> **Exercise**
Search the listing below for the line with "Hoco داش كام", then write out that line and every one after it exactly, without the pictures.

-- Available data follows --

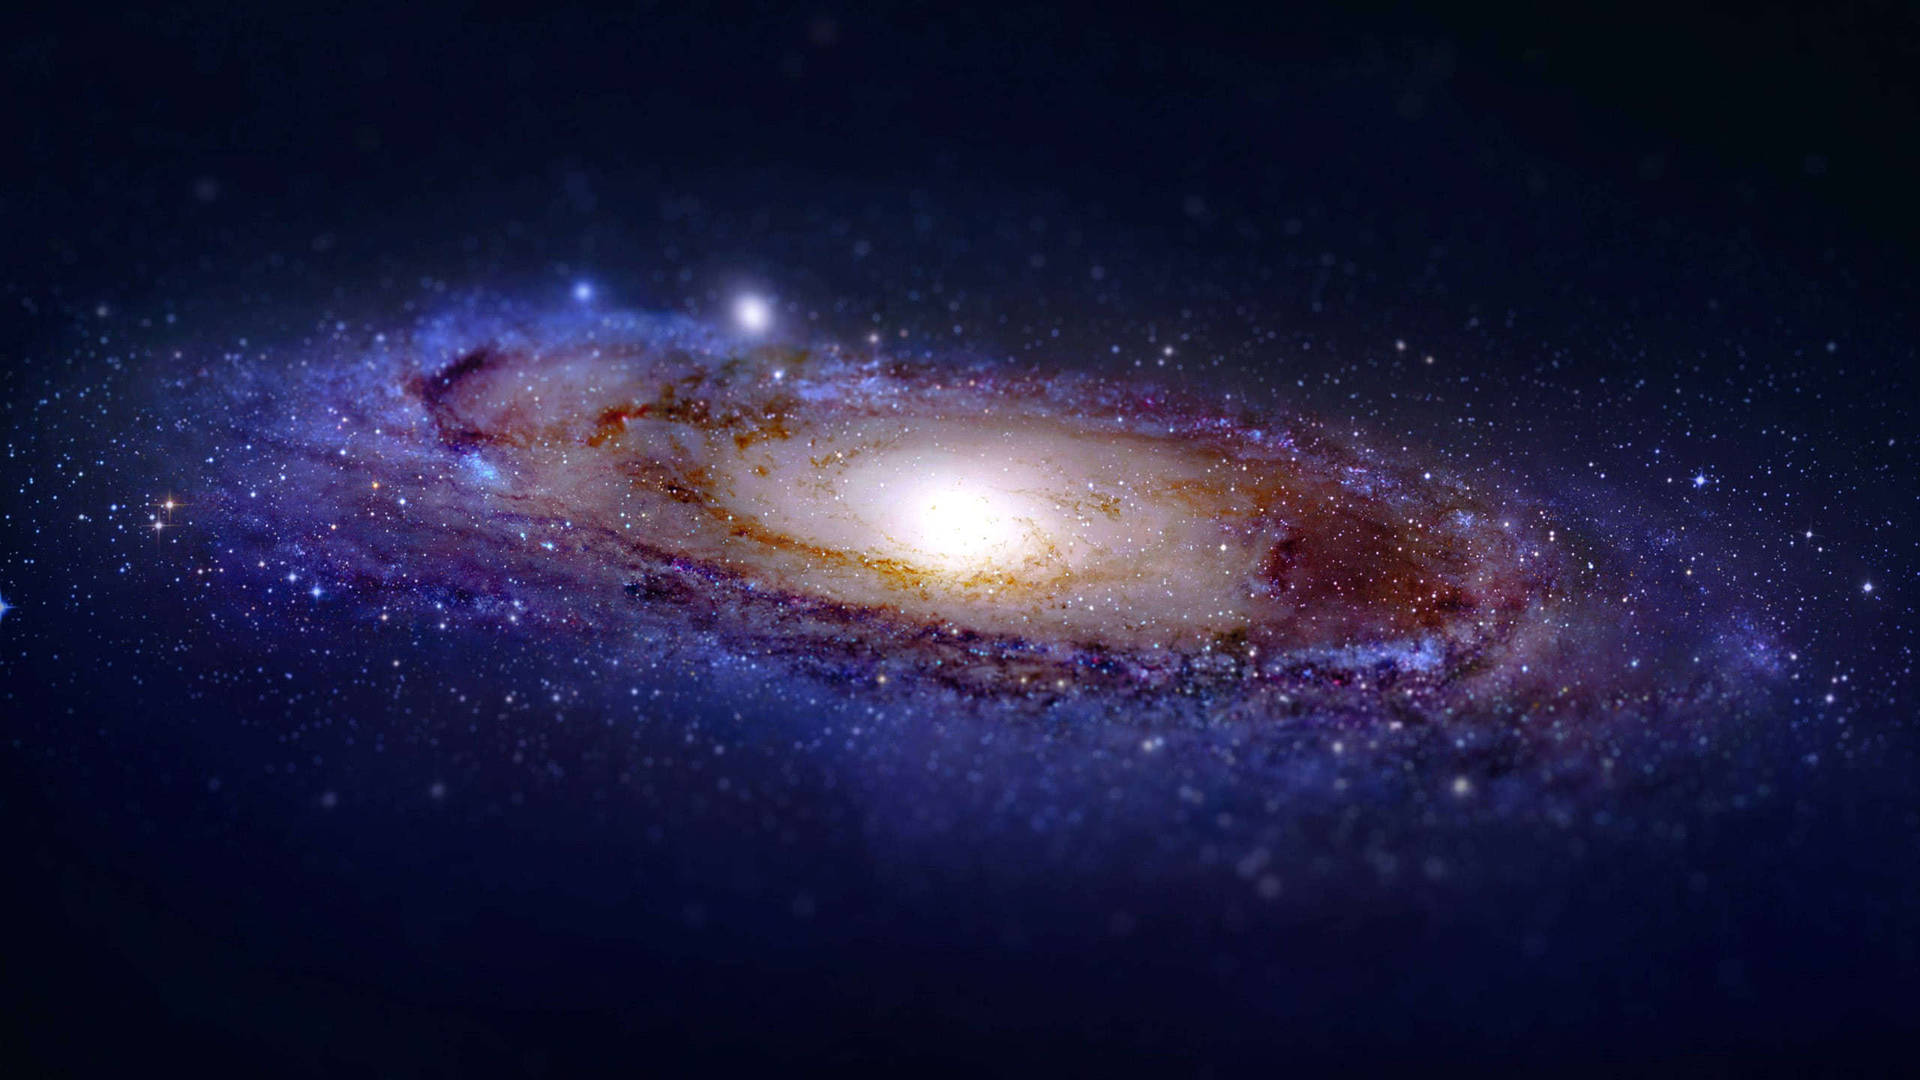 Spiral Milky Way Galaxy in dark blue space wallpaper
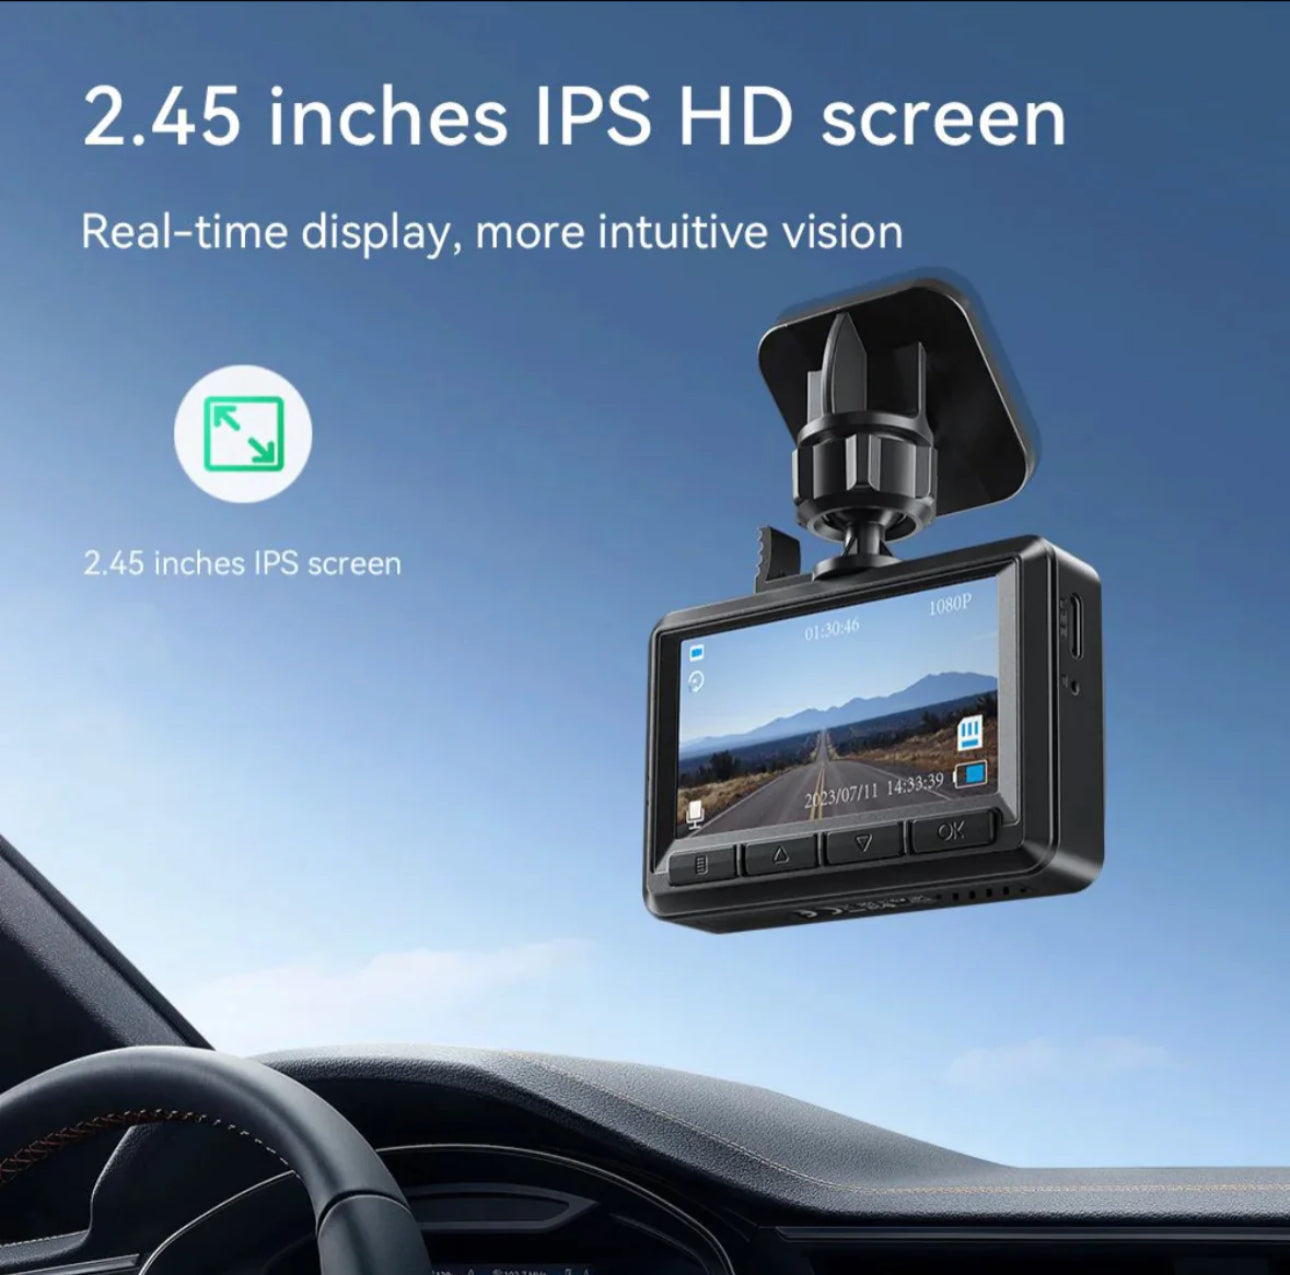 Hoco داش كام السيارة المزدوج 1080 بكسل مع شاشة عرض + كاميرا الرؤية الخلفية DV3
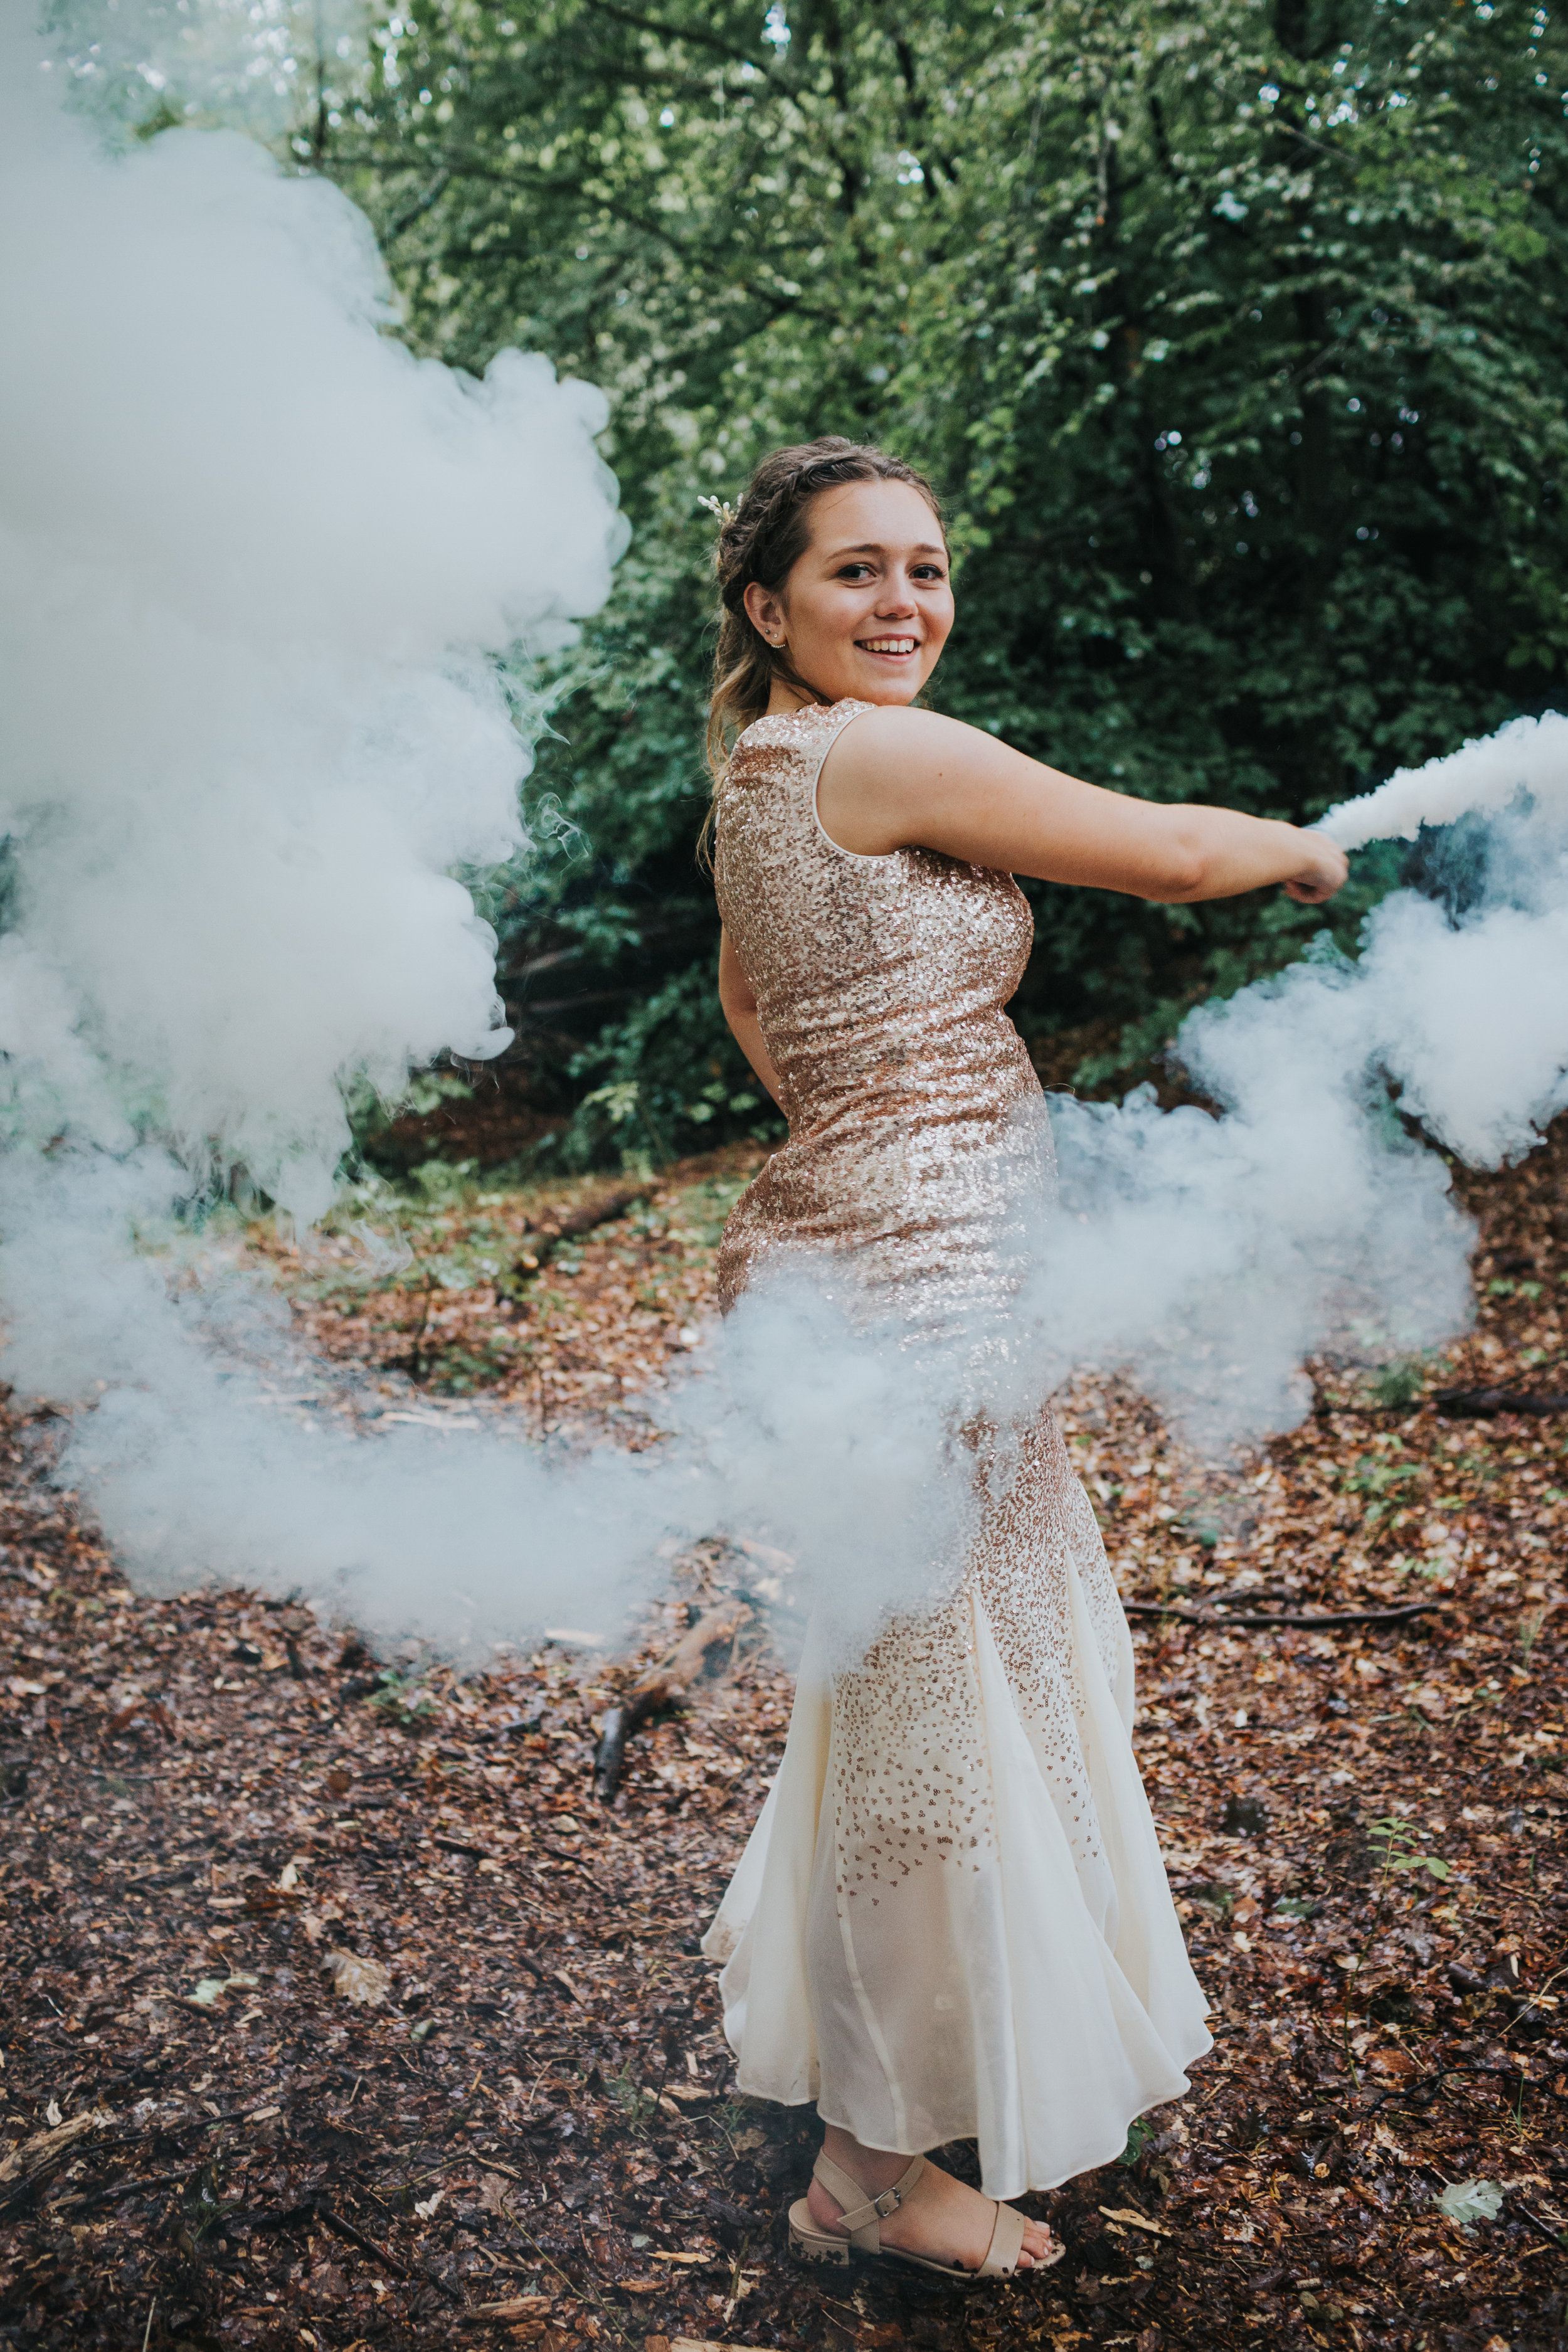 Bridesmaid swirls smoke bomb around.

-- Available data concluded --

> **Expected answer**
 Hoco داش كام السيارة المزدوج 1080 بكسل مع شاشة عرض + كاميرا الرؤية الخلفية DV3
 Bridesmaid swirls smoke bomb around.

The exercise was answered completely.